Cremepe vai abrir sindicância para apurar omissões do Hospital Universitário

Sílvio Luiz - Cremepe

O absurdo do fechamento dos portões aos pacientes na madrugada do último domingo (13), por falta de médico ortopedista, no centro cirúrgico do Hospital Universitáriao (HU), culminou com a vinda à Petrolina-PE, do presidente do Conselho Regional de Medicina (CREMPE), Sílvio Luiz, que concedeu uma entrevista coletiva logo após a vistoria na unidade.

O presidente destacou a importância do nosocômio para a região por ser o único de referência de traumas que atende cerca de 53 municípios, no total são mais de 2 milhões de pessoas atendidas, reconhecendo, portanto, ser um local que tem um quantitativo de leitos inferior a necessidade que deveria ter na região.

Ele afirmou ter vindo sempre a Petrolina averiguar a situação do HU, já tendo encontrado de tudo desde a falta de insumos, de medicamentos, de motorização, material cirúrgico,  mas uma coisa que segundo Sílvio vem persistindo é a falta de Recursos Humanos.“Principalmente quando se trata de anestesistas, que hoje é o grande problema da unidade, principalmente nos finais de semana tanto na sexta e sábado no horário noturno, onde teve a ocorrência, como domingo e segunda no plantão diurno está funcionando sem nenhum anestesista de plantão”, assegurou Sílvio Luiz, acrescentando que o ideal seria no mínimo dois anestesistas por plantão.

Outra deficiência apontada foi o número reduzido também de clínicos de plantão no total de dois, sendo necessário no mínimo de 3 a 4 clínicos “porque tem que dar suporta a toda sala vermelha e toda sala amarela”, alertou.

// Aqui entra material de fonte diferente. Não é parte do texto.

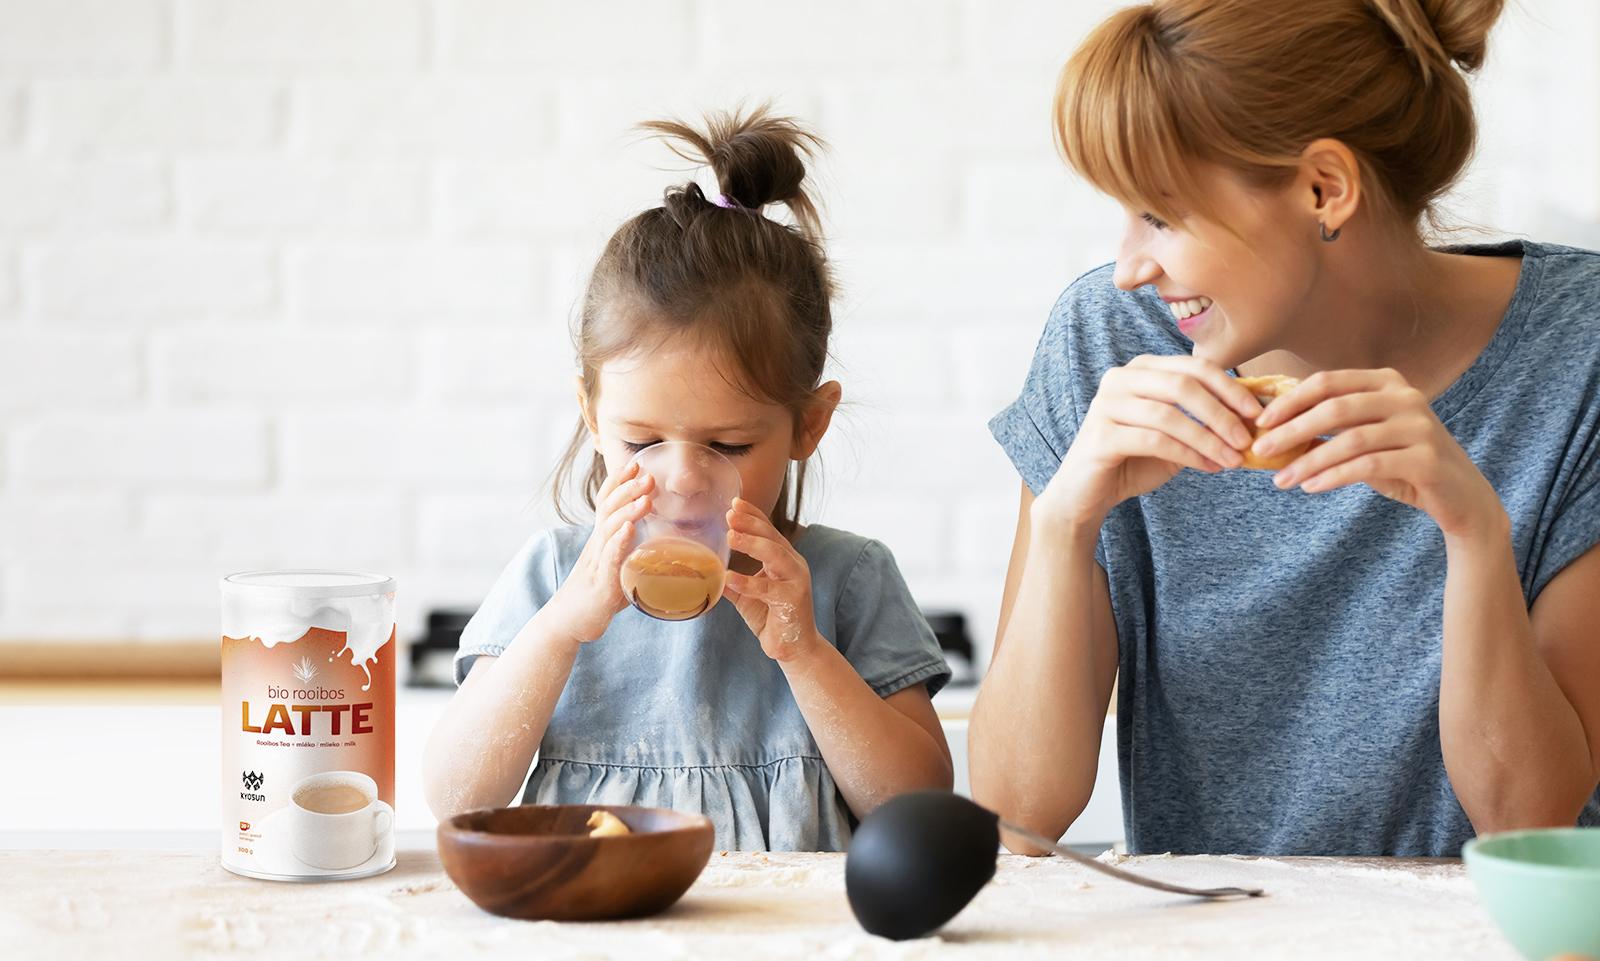 rooibos-latte-deti

Sílvio informou ainda que 95% das pessoas internadas esperando por cirurgia são pacientes de ortopedia e considerou insuficiente o número de ortopedistas e anestesistas cedidos através do convênio que foi confirmado através das prefeituras de Petrolina e Juazeiro, portanto, salientou que o hospital precisa também da colaboração de todos os municípios. “Todos têm que dar o suporte com os leitos de retaguarda, que são os hospitais de pequeno porte, que têm aqueles pacientes que estão estáveis no hospital de traumas,  universitário, eles encaminham para essa cidade para que fiquem por lá, pois passaram da situação crítica dando vaga aos pacientes que vão chegando com mais gravidade”, sugeriu.

Sobre o caso específico dos portões fechados no último domingo, ele disse que a medida foi errada e que vai servir para abertura de uma sindicância. “A partir da abertura de uma sindicância aí ela segue em sigilo, como presidente eu não posso manifestar minha opinião apesar de já ter tido uma avaliação de toda a situação, essa fiscalização nós vamos colocar junto com a denúncia, vai ser escolhido um conselheiro sindicante que vai apurar todos os fatos, vai chamar todas as pessoas envolvidas na situação e aí uma câmara de sindicância é quem vai decidir se vai abrir um processo ou não”, afirmou Sílvio Luiz.